Jun 17, 2022 at 23:14 comment added Ilia I see, well, I can’t figure out how to modify the computation to minimize the risk for all values of 𝜃 at once. So calculus of variations just doesn’t work here?
Jun 17, 2022 at 22:22 comment added Iosif Pinelis Previous comment continued: Since the risk function (as a function of $\theta$) is in general an inifinite-dimensional vector, such a "minimization" is not always possible. When it is possible, you get a UMVUE. Of course, your pointwise application of Lagrange multipliers is wrong: again, you want to minimize the risk for all values of $\theta$ at once, not just for one value of $\theta$.
Jun 17, 2022 at 22:21 comment added Iosif Pinelis @Ilia : I did understand what you were doing. You minimize $L$ for each given value of $\theta$. So, your minimizer depends on $\theta$. Therefore, you minimizer is not an estimator. When you restrict the minimization to estimators, you want to "minimize" the entire risk function, which is a function of the estimator and of the parameter $\theta$; you should want to minimize the risk function with respect to the (unbiased) estimator.
Jun 17, 2022 at 22:14 comment added Ilia And do you agree with the computation? I don’t understand how to interpret it.
Jun 17, 2022 at 21:57 comment added Ilia I realised it is totally unclear what I want to say. Sorry for wasting your time. I completely rewrote the question and added a computation that confused me. Hopefully it is at least clear now what I was trying to do.
Jun 17, 2022 at 20:32 comment added Iosif Pinelis Previous comment continued: The function $T$ must be the same for all values of $\theta$. E.g., $\bar X:=(X_1+\dots+X_n)/n$ is an estimator, but $\bar X-\theta$ is not an estimator, since it depends on $\theta$. This is explained in any decent textbook on mathematical statistics.
Jun 17, 2022 at 20:32 comment added Iosif Pinelis @Ilia : What you call "a constant estimator" is apparently what is defined by the formula $\hat\theta(X_1,\dots,X_n):=\th$. As I said, this is not an estimator at all, -- because an estimator of $\th$ cannot depend on $\th$; it may depend only on the sample $X_1,\dots,X_n$. Mathematically, given a random sample $(X_1,\dots,X_n)$, where each $X_i$ is a real-valued random variable, a (real-valued) estimator is a random variable of the form $T(X_1,\dots,X_n)$, where $T\colon\mathbb R^n\to\mathbb R$ is a Borel-measurable function.
Jun 17, 2022 at 20:20 comment added Ilia Mathematically theta is a parameter.
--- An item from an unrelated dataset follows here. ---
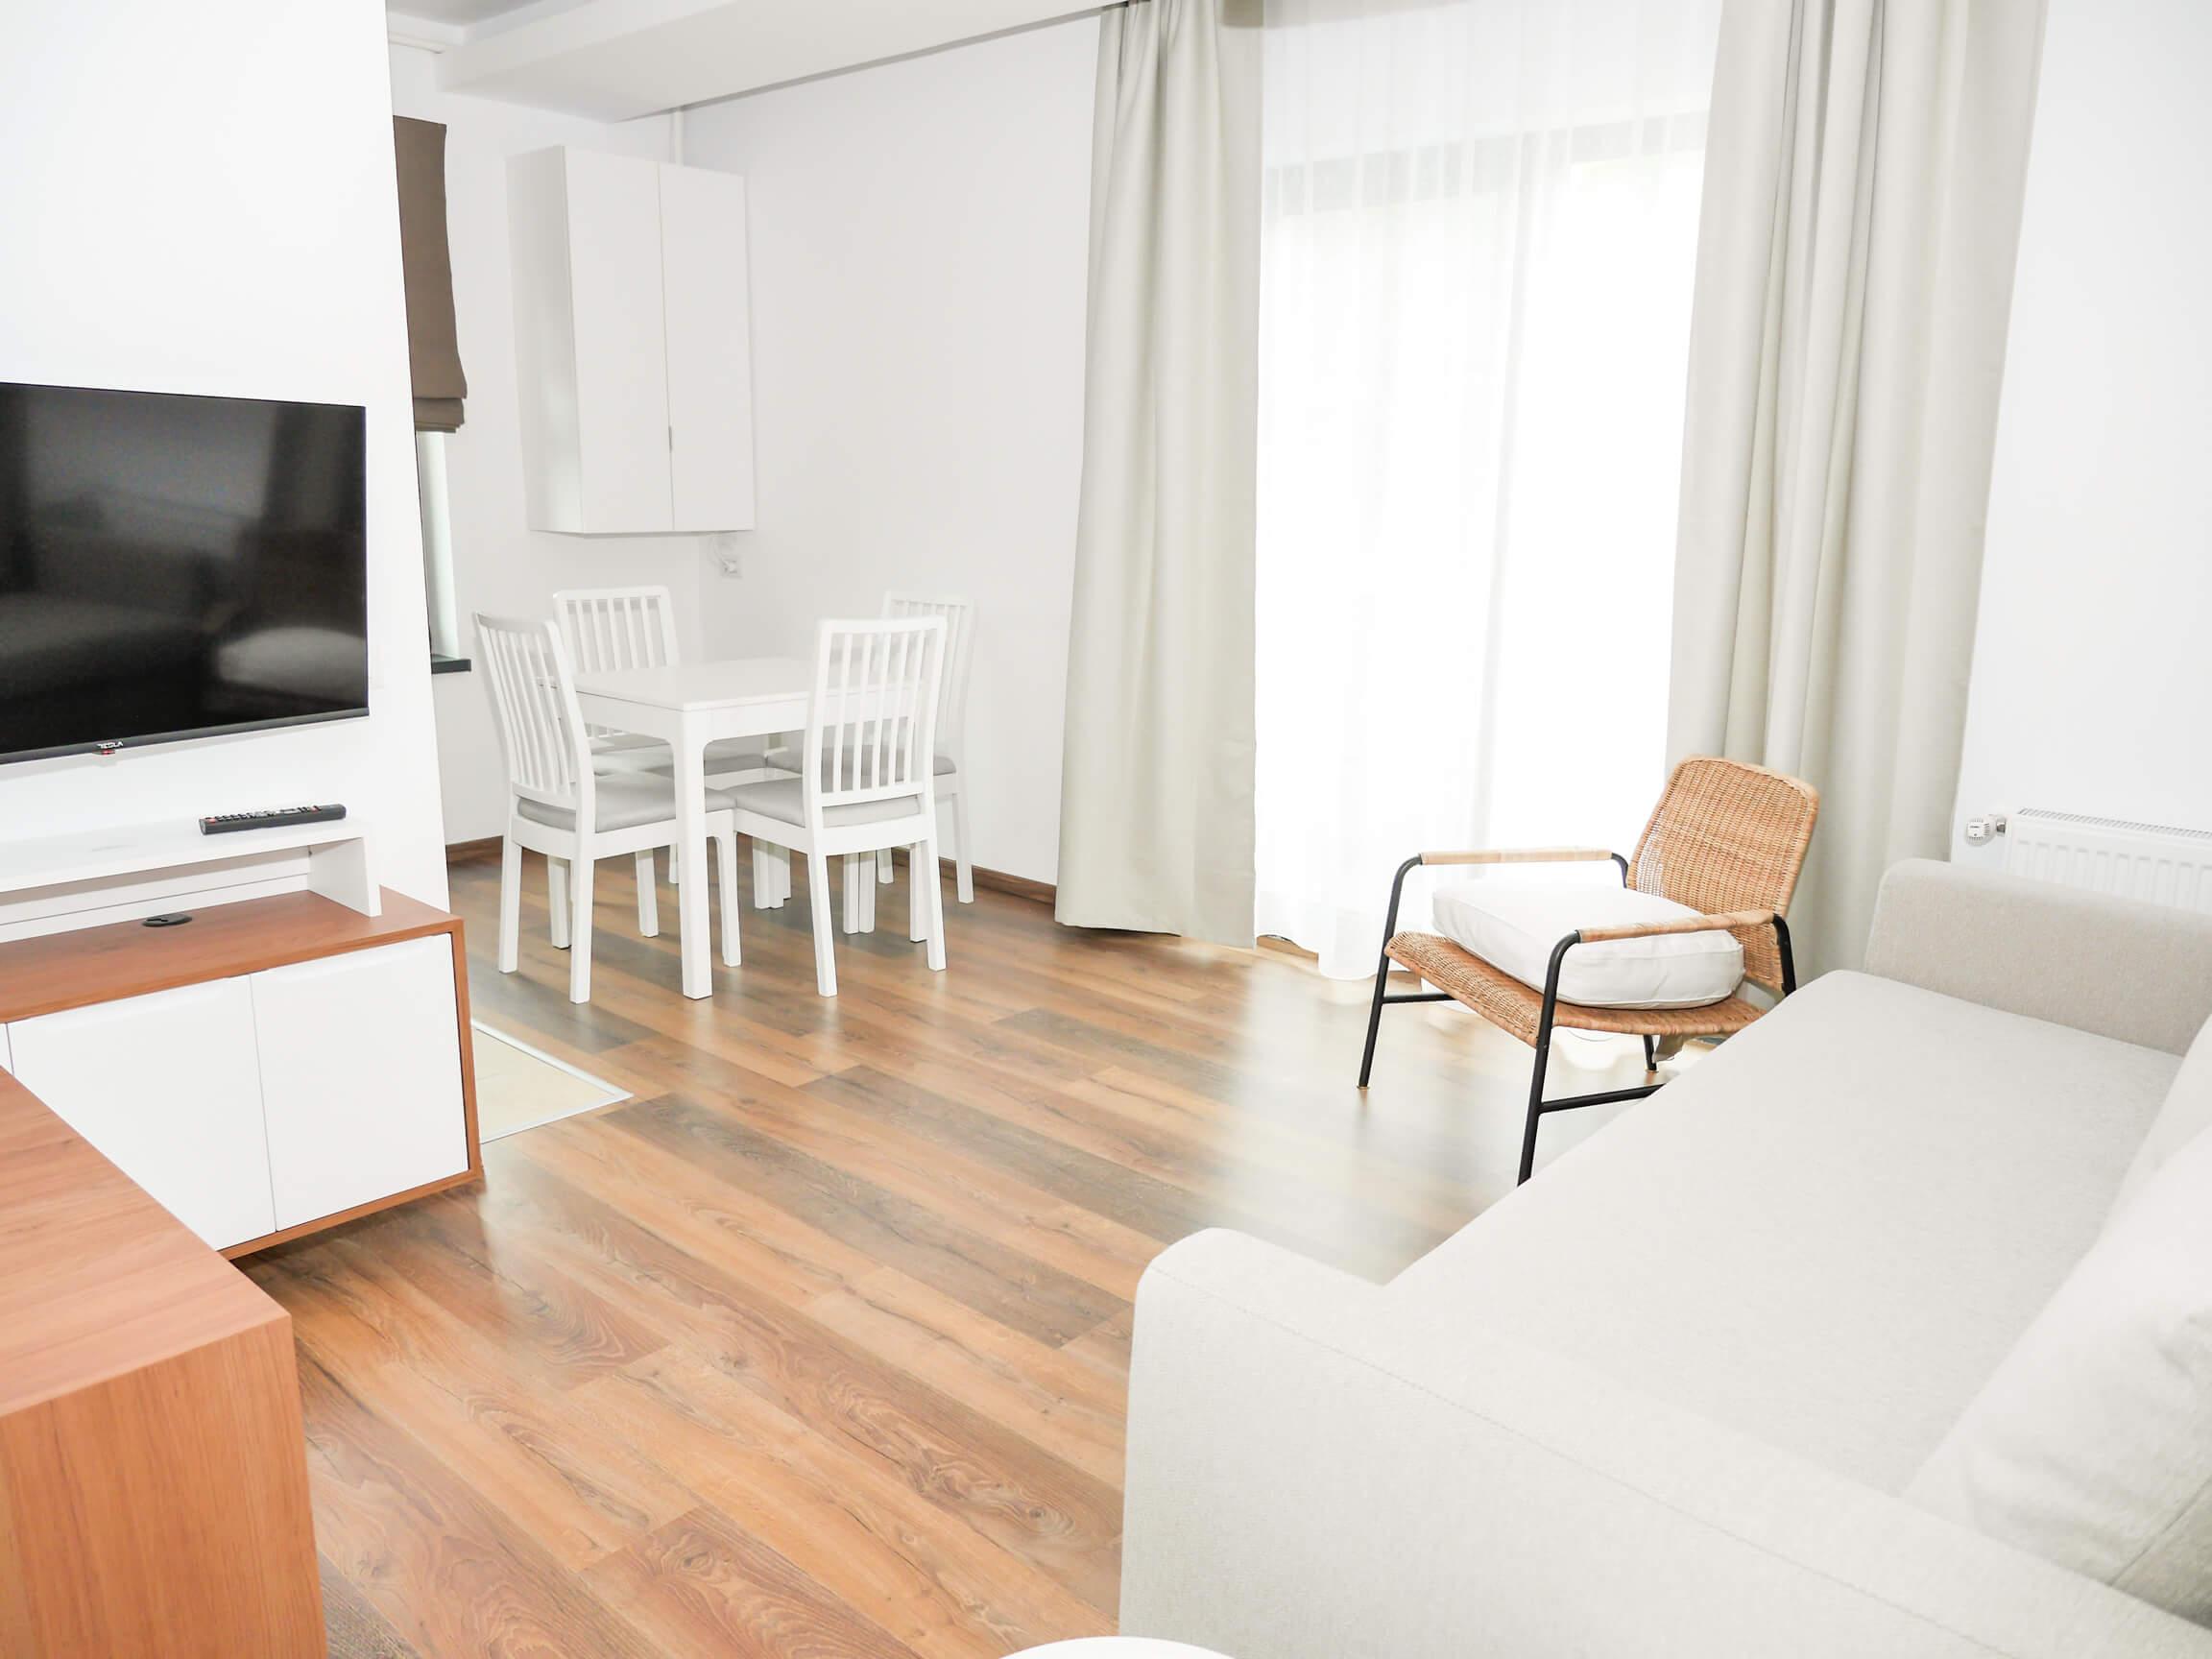 Clement Apartments - apartamente de inchiriat in regim hotelier - cazare neamt - cazare piatra neamt (1) - apartament 3
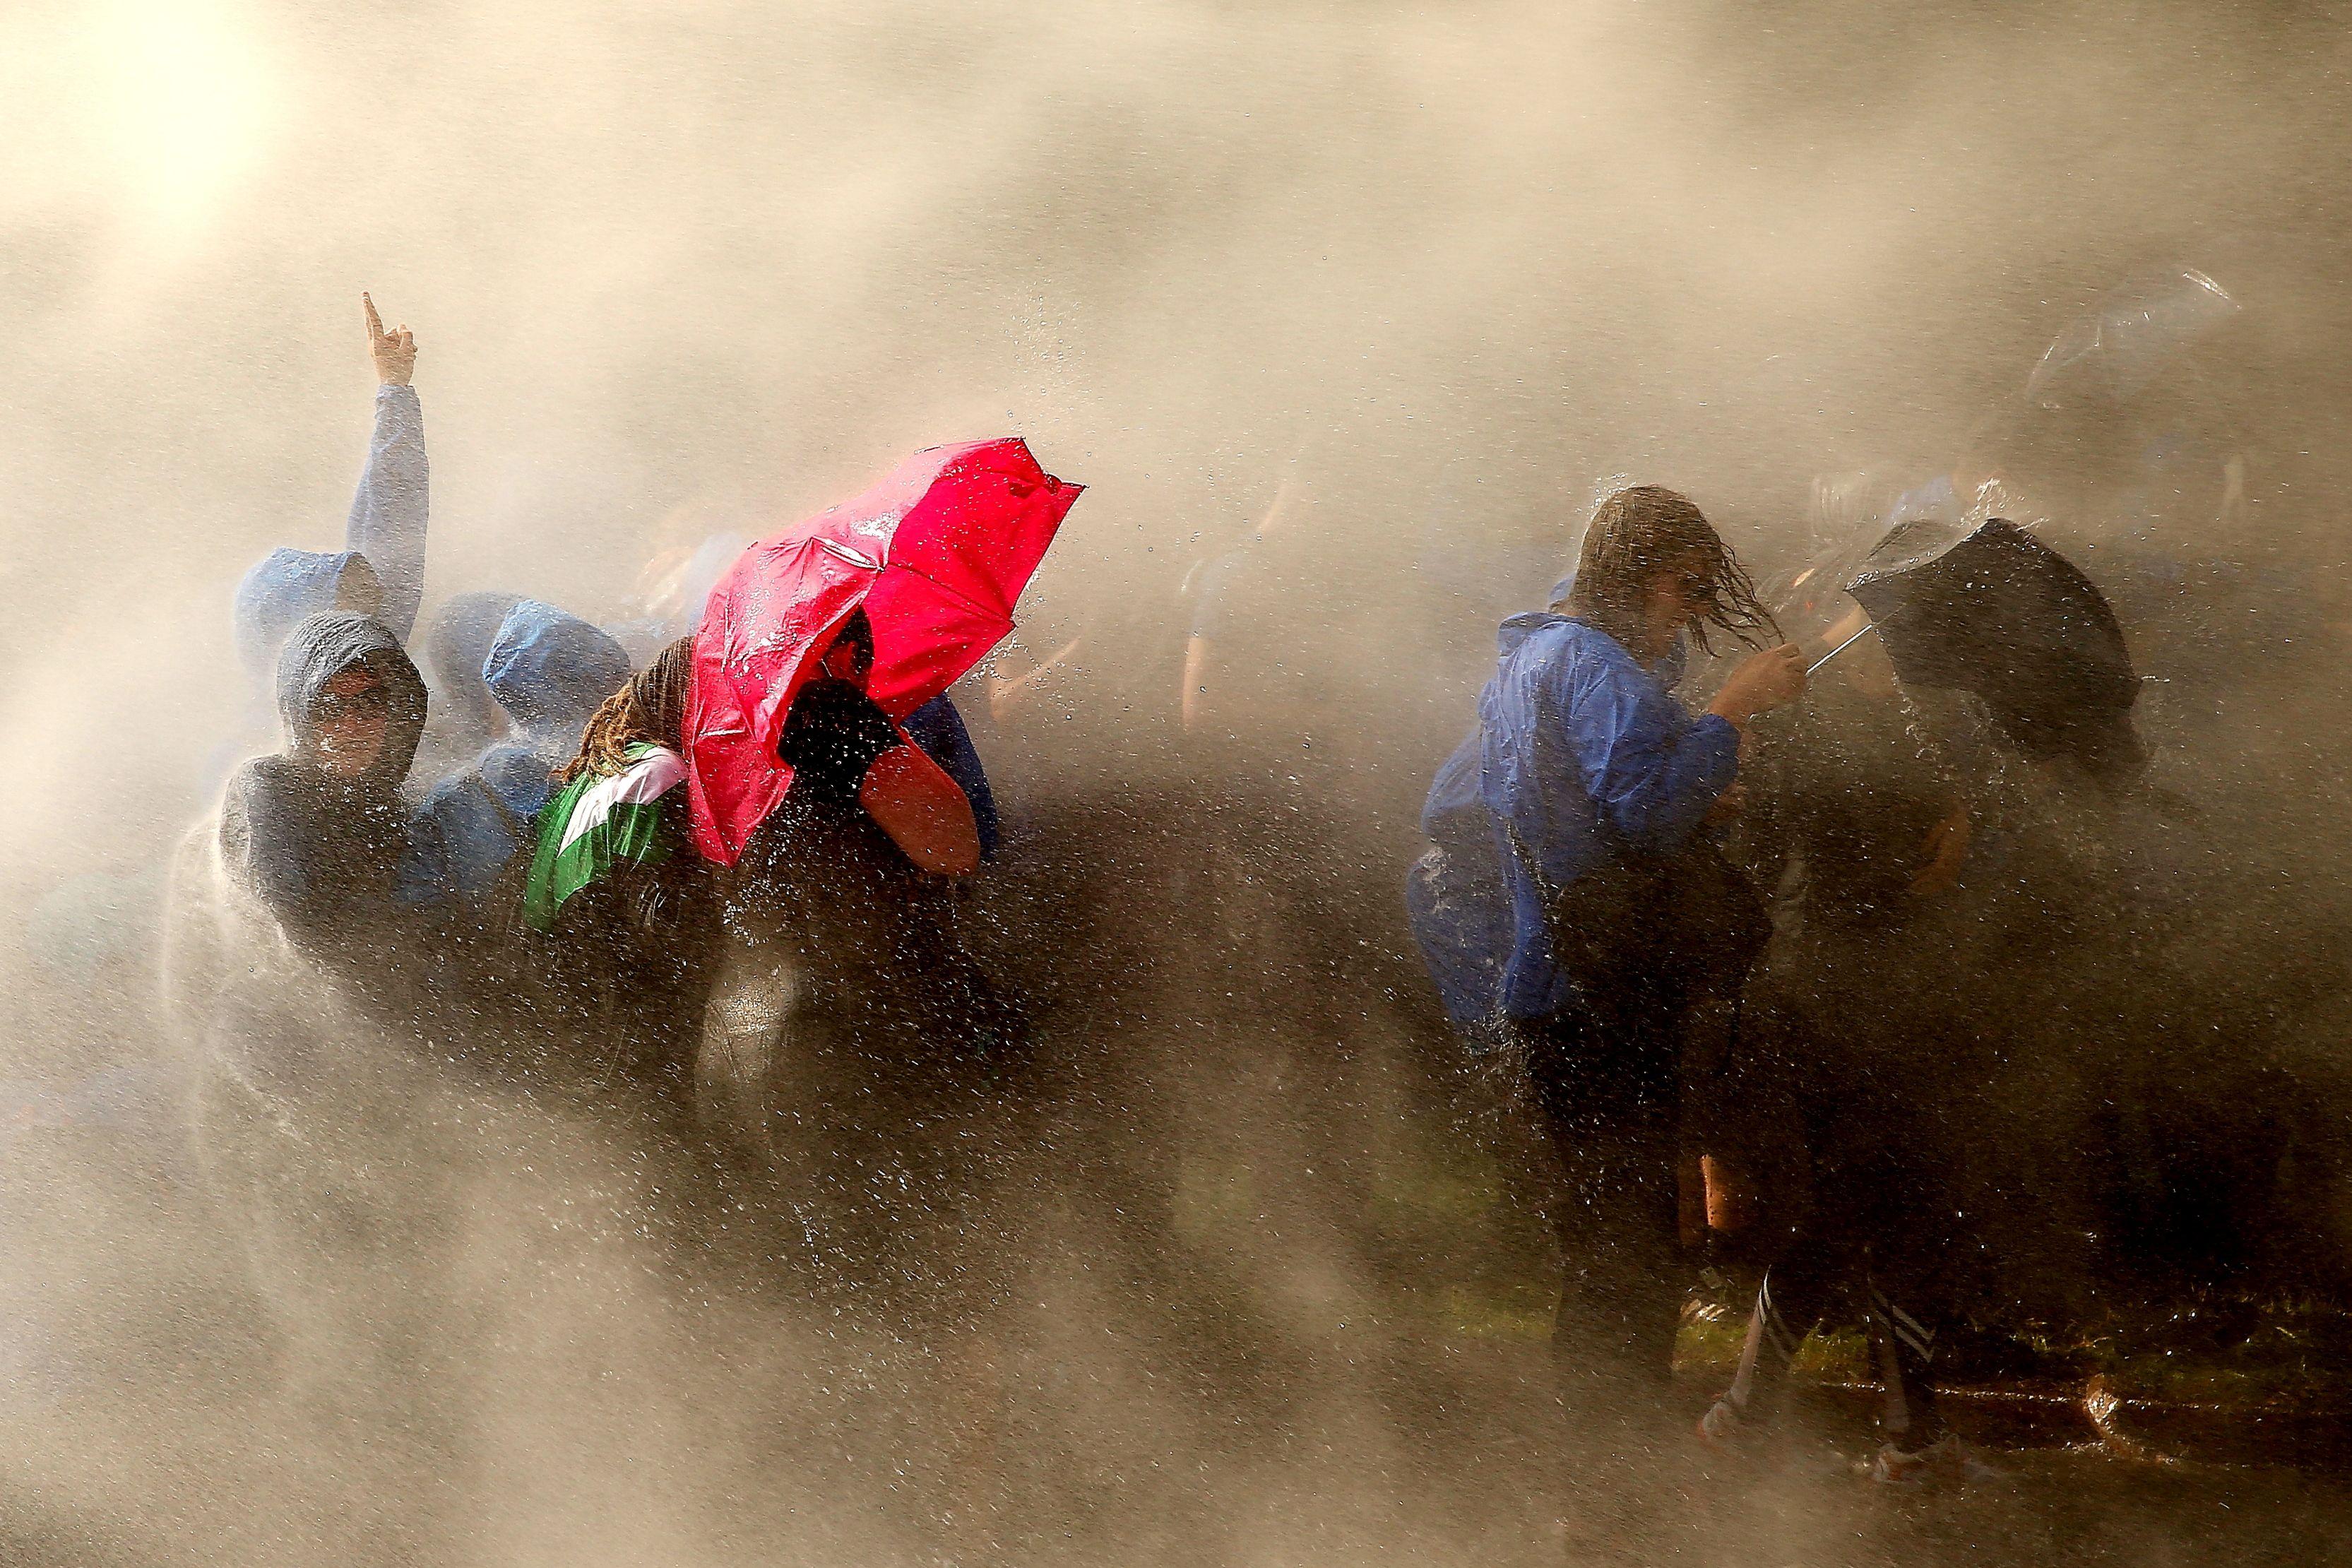 示威抗議者躲避鎮暴警察的水龍。(Getty Images)

But here an estimator cannot depend on theta. To put it differently, a constant estimator is ‘not allowed’. But how could we express it more formally? For example, it seems like Lagrange multipliers method does’t work here (leads to a constant estimator).
Jun 17, 2022 at 20:14 comment added Iosif Pinelis @Ilia : So, what is the problem? That the correct solution "looks a bit different from what [you are] used to"?
Jun 17, 2022 at 20:09 comment added Ilia Right, given this fact my question sound a bit stupid. But I don’t care about the bound itself. Let’s say we just consider the problem to find UMVUE. It is basically the optimisation problem I am taking about. The only problem is that mathematically it looks a bit different from what I am used to. In particular, a constant estimator looks like a mathematically correct solution, and that is absurd.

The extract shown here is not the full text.